モオルダアはスケアリーが近づいて来ると独り言のようにつぶやいた。本当ならジエイレマイが一緒にいるはずなのだが彼の姿はなく、しかもモオルダアは疲弊しきっている。スキヤナーもこれには少し心配になった。

 あそこで起きたことを考えるとここまで戻ってくるだけでも大変なことだったに違いないが、モオルダアの様子を見ればかなり無茶をして帰ってきたようだ。スケアリーの言うことが聞こえているのかどうか解らない様子で、虚ろな瞳で歩いている。しかも、FBL職員達が大勢いてどこが彼の母の病室なのかが解り易くなっているにもかかわらず間違った病室へ入ろうとして、スケアリーに止められたり。

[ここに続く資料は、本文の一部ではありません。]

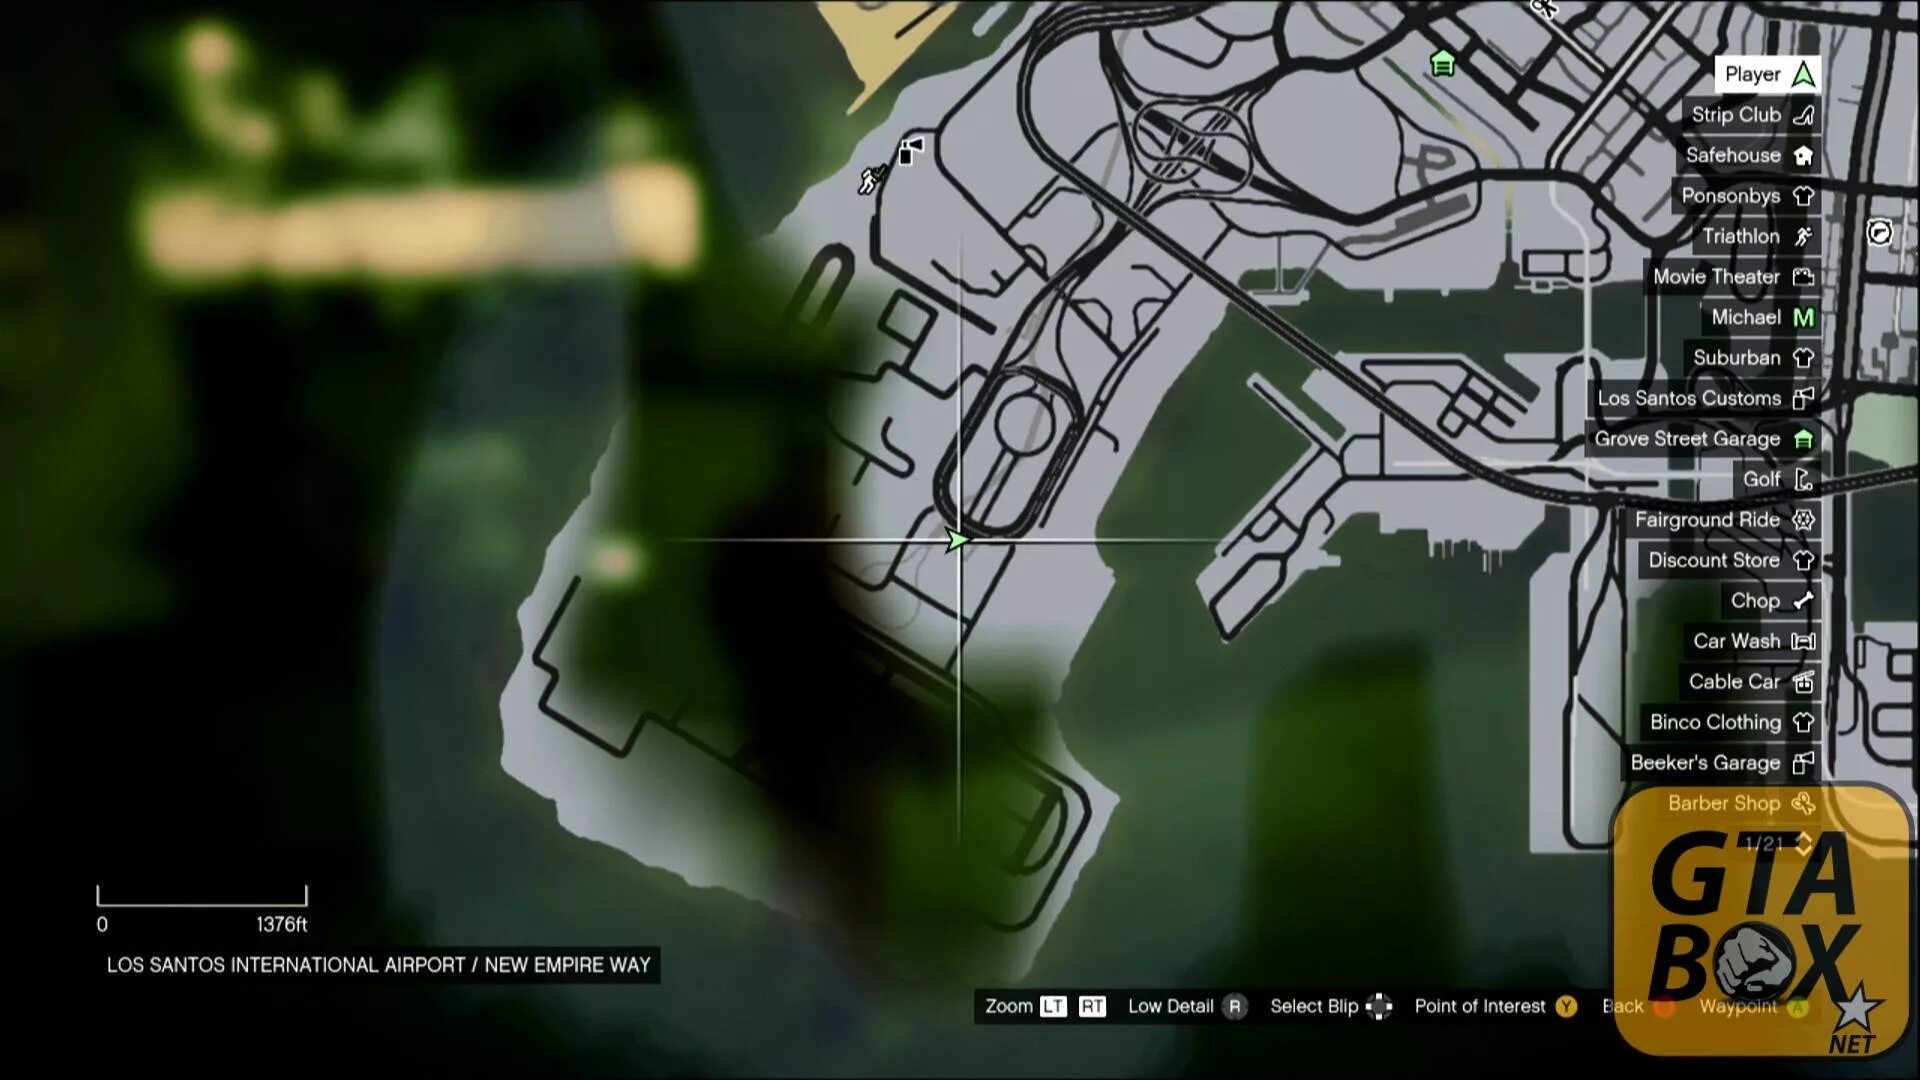 Карта GTA 5 Xbox 360. Карта обрывков письма в GTA 5. Карта всех писем в ГТА 5. Карта обрывков в ГТА 5. Карта обрывков писем

「モオルダア、大丈夫なんですの?なんて言うか、臭いですわよ。これガソリンですの?それに体が冷たいですわ!あなた、ショック状態なんじゃなくて?震蕩症なんじゃなくて?ちょいとモオルダア!」

スケアリーが色々と聞いていたのだが、モオルダアはなにも言わずに母のいる病室の前に歩いてきた。そこにはスキヤナーがいて「何があったんだ?」と彼に聞いたのだが、もちろんそれにも反応しなかった。ただ黙って病室の扉を開けて中へ入っていった。

 病室のベッドではモオルダアの母が眠っていた。急性アルコール中毒でどうしてこんなに長く入院しなくてはいけないのか?ということでもあるのだが、そこには闇組織が裏で色々やっているとかそういうことに違いない。とにかく彼の母はモオルダアがやって来ても気付かないぐらい深い眠りについている。

「このまま降板なのかな…」

モオルダアはまだ朦朧とした感じでベッドの横に立つと彼の母を見ながら言った。スケアリーは病室に置いてあった毛布をとってモオルダアの肩にかけたが、母を見つめたままのモオルダアはそれに気付いているのかすら解らなかった。

「降板しちゃうよね」

モオルダアは父親に続いて母親までもが降板になることに責任を感じているに違いない。目に涙を浮かべながら言うモオルダアにスケアリーは何と声をかけて良いのか解らなかった。